RFID technology is based on a relatively simple concept. It consists of two elements that communicate through radio transmission - a tag and a reader. The tag contains a small chip and an antenna and can be placed on any object. The information on the tag, such as an identification number, can be transmitted to an RFID reader over a distance of a few metres.

The technology is being driven hard by retailers such as Metro and Wal-Mart, which see RFID as the natural replacement of industry's current bar code-based tracking systems, allowing companies to automatically track inventory throughout an entire supply chain.

Wal-Mart is now but six months away from its deadline for the top 100 suppliers to put tags on all pallets and cases. In Europe, legislation enforcing manufacturing traceability comes into force in January 2005.

The first phase, which was completed in less than three weeks, involved tagging cases and pallets for select SKUs of beef jerky destined for the Wal-Mart distribution centre in North Texas. Even though Jack Link's Beef Jerky will not be impacted by trading partner mandates until at least 2006, the company decided to be proactive regarding RFID requirements.

"We know RFID is coming sooner or later, and we wanted to ensure we are ready to continue to better serve our customers,"​ said Paepke.

The second phase will leverage RFID in connection with Microsoft Navision for manufacturing tracking. RFID tags will be attached to totes and racks in a closed-loop system and will replace the existing manual auditing process with automated recording of ingredient lot and finished products tracking.

"Given the large number of production steps and speed of operations, it would be uneconomical if not impossible to perform the required auditing steps using manual intervention,"​ said Donavan Lane, president of ABC Computers.

The third phase of the project will extend the process to raw-material supplies, to record lot information as part of the receiving and picking processes. It will enable Jack Link's Beef Jerky to generate an automatic record of all raw materials going into a specific batch of product.

The fourth and final phase will leverage RFID in the distribution process to automate internal stock transfers from the company's manufacturing sites to its central distribution centre. By leveraging the increased visibility and inventory accuracy across its supply chain from end to end, Jack Link's Beef Jerky expects to shorten cycle times, improve delivery performance and increase inventory turns.

Nadella says although the current driver of RFID adoption is a business's desire to be compliant with trading partners, the example of Jack Link's Beef Jerky shows that innovative midmarket segment companies understand the technology as a potential source of competitive advantage.

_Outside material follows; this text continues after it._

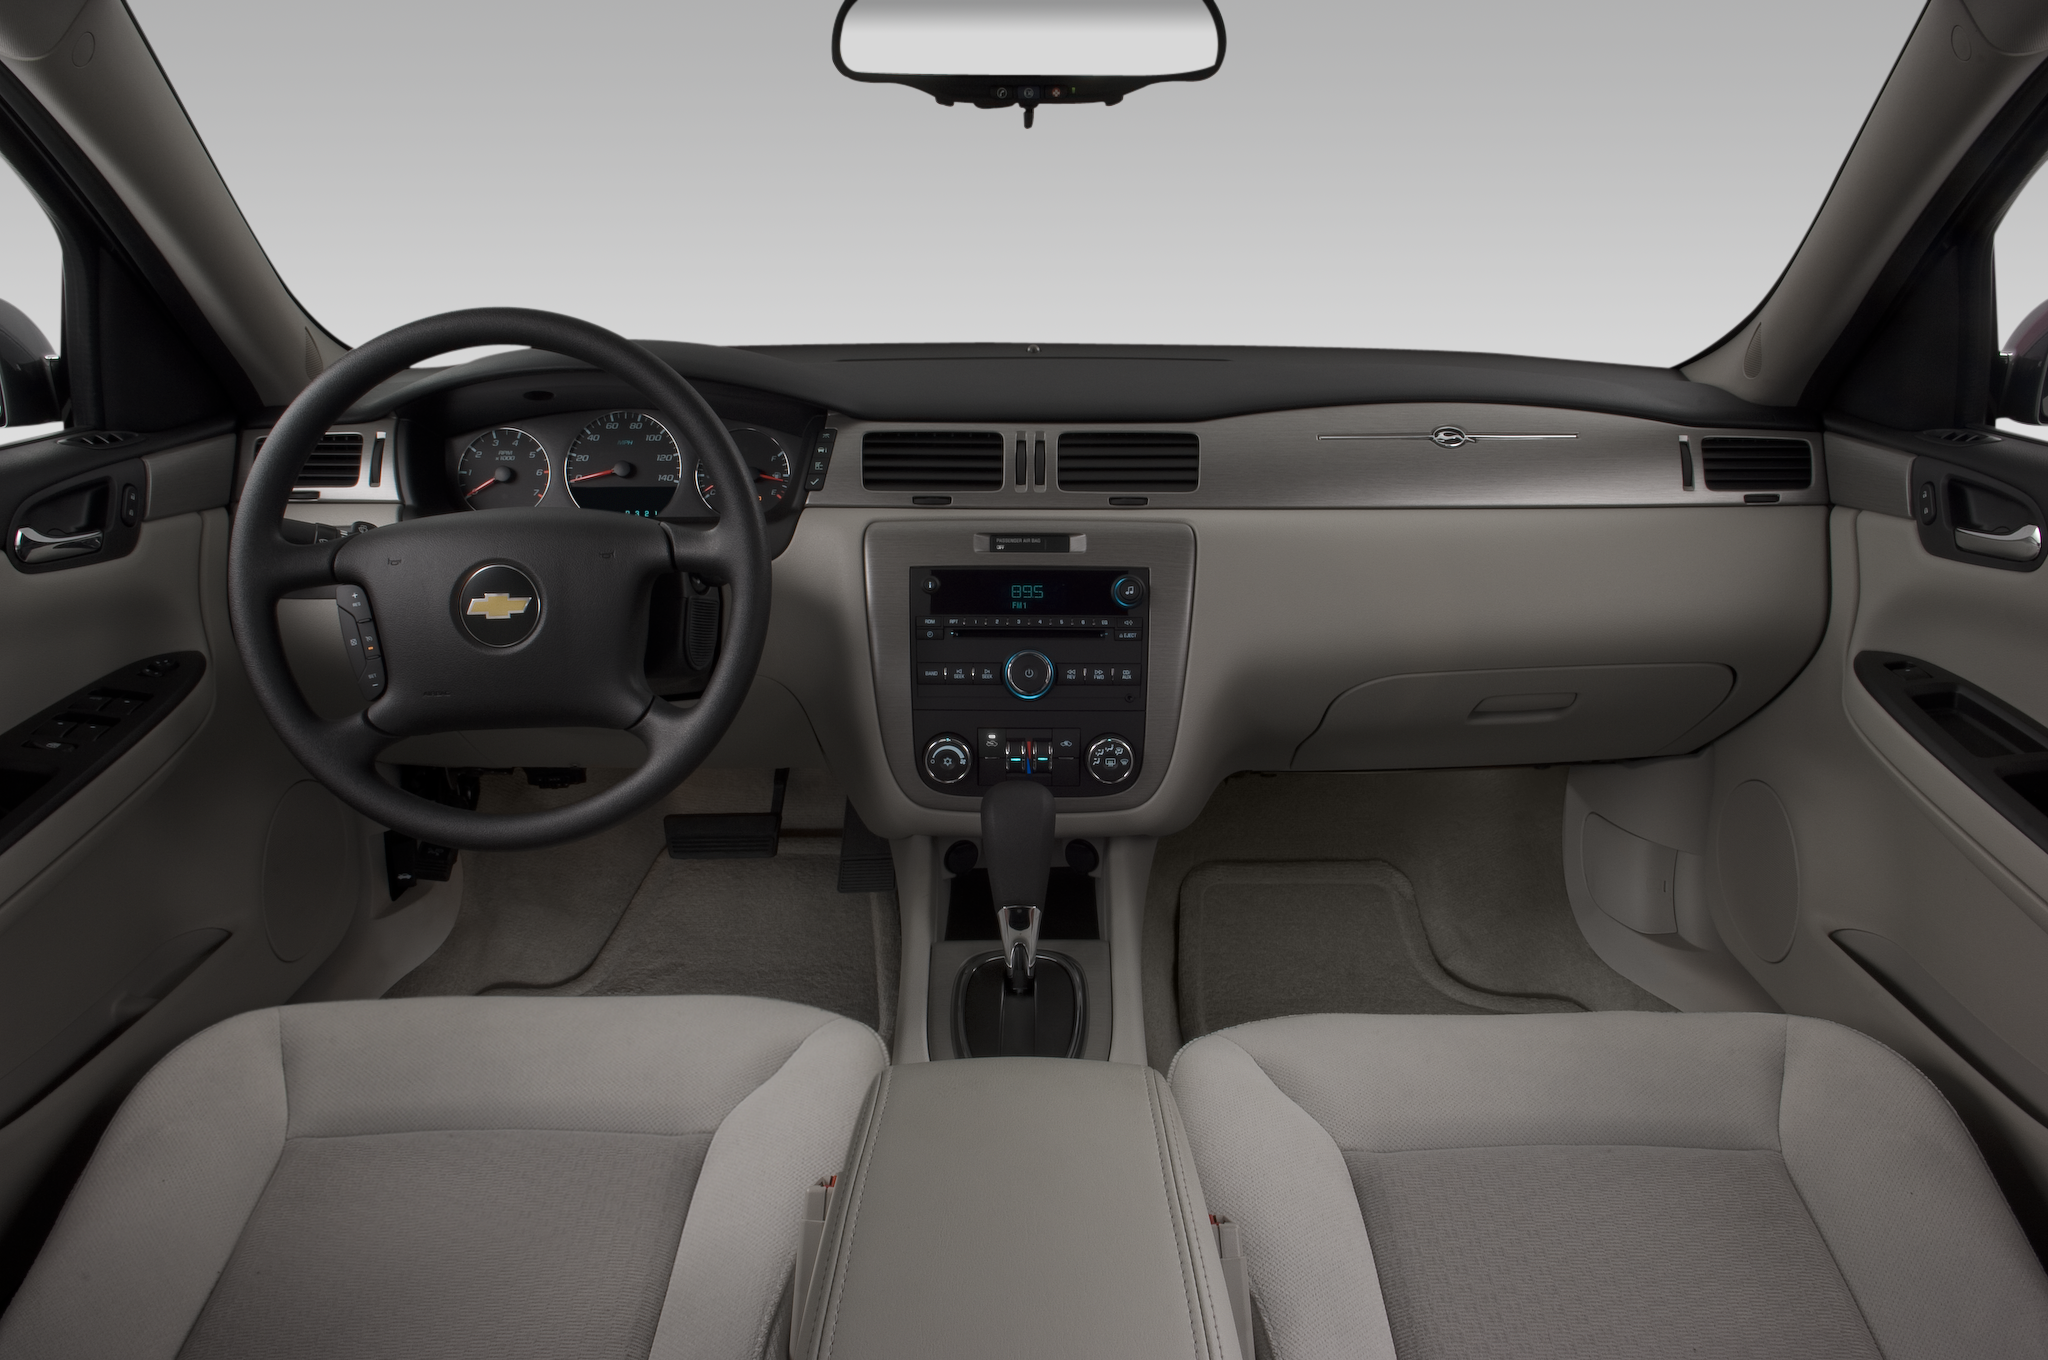 Next Gen Chevrolet Impala To Be Built Alongside Malibu Volt In Detroit

"Furthermore, this project is evidence of our mandate to democratise RFID by bringing it to small and midsize companies,"​ Nadella said.

Microsoft Business Solutions plans to include RFID technology as part of its ERP solutions, enabling small and midsize customers to fully leverage the technology while retaining a familiar, easy-to-manage IT environment.

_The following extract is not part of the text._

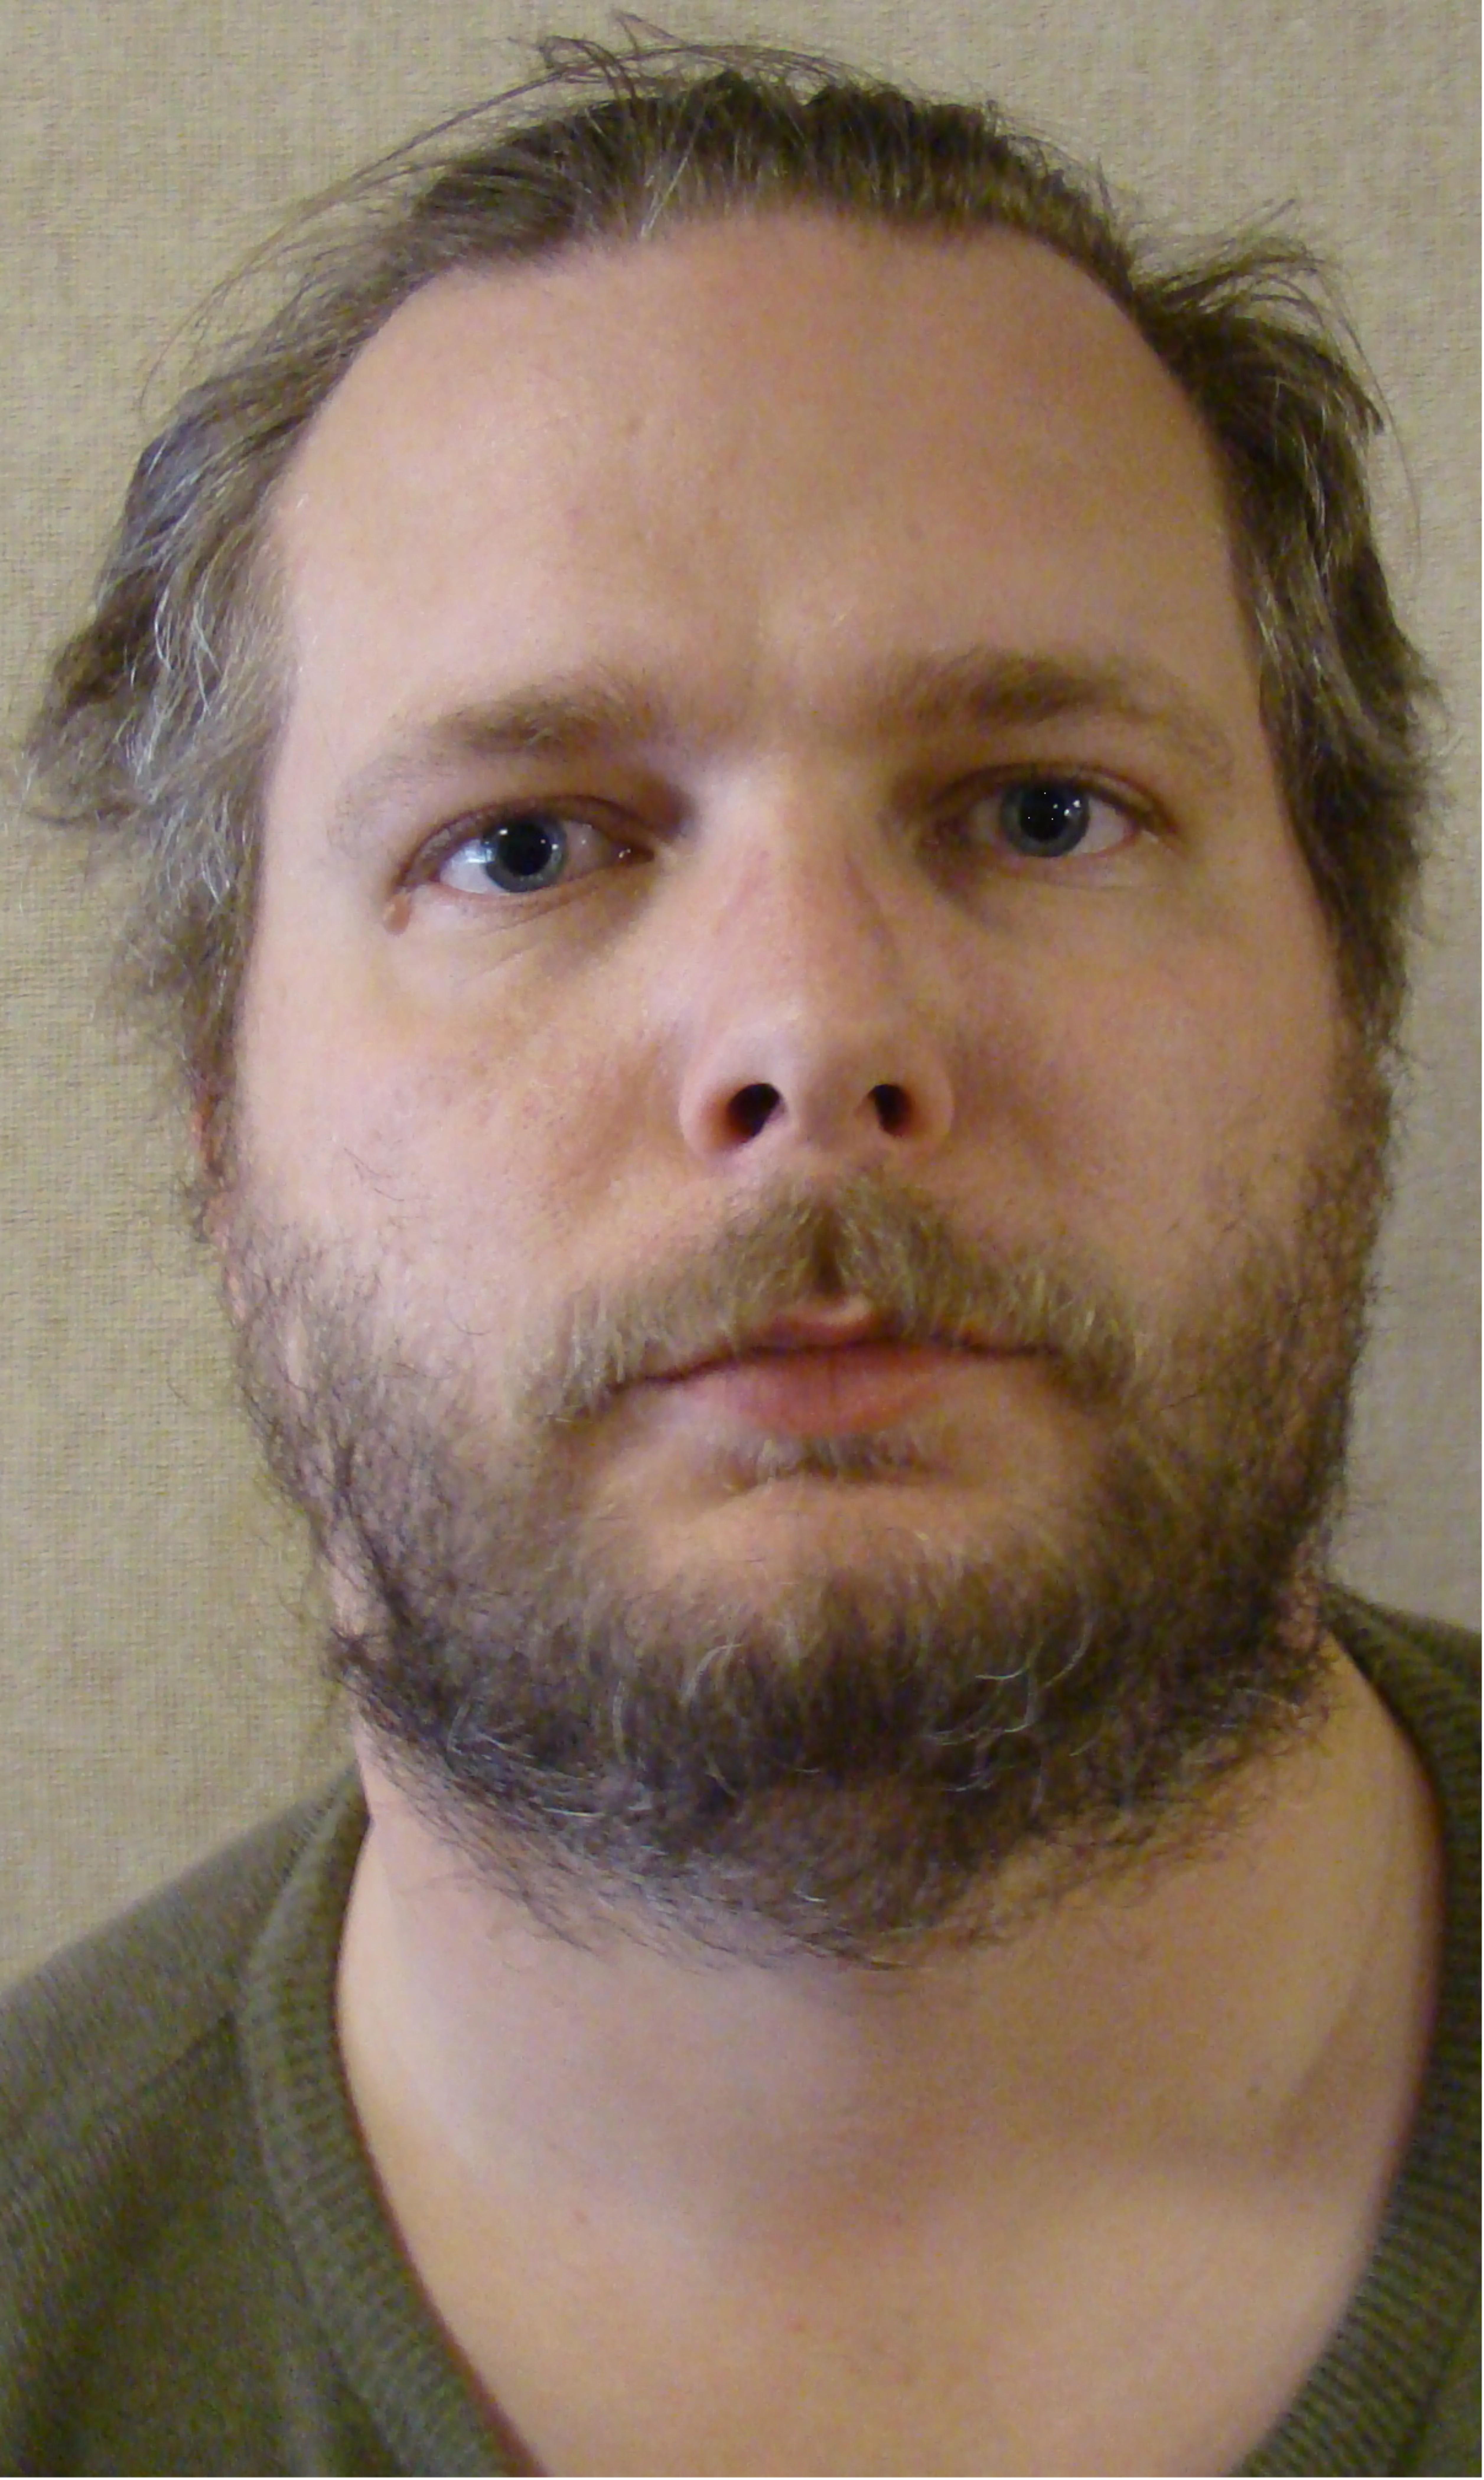 arapahoe county sex offender jpg 1152x768

Microsoft Business Solutions presented details of its Jack Link's Beef Jerky scheme at EPC Global 2004​ in Baltimore, US. The conference ends tomorrow.

"We continue to strive to make complex things simple for our small- and midsize-business customers, building solutions that meet their unique requirements and enable small and midsize businesses to function more like large enterprise companies,"​ said Satya Nadella, corporate vice president of Microsoft Business Solutions.

"This RFID project with Jack Link's Beef Jerky is an excellent example of this work in action."

EPCglobal Inc, a joint venture of EAN International and the Uniform Code Council, Inc. (UCC) is a not-for-profit organisation entrusted by industry to establish and support the EPCglobal Network as the global standard for real-time, automatic identification of information in the supply chain of any company, anywhere in the world.

The EPCglobal Network combines Radio Frequency Identification (RFID) technology, existing communications network infrastructure, and the Electronic Product Code (a number for uniquely identifying an item) to enable accurate, cost-efficient visibility of information in the supply chain.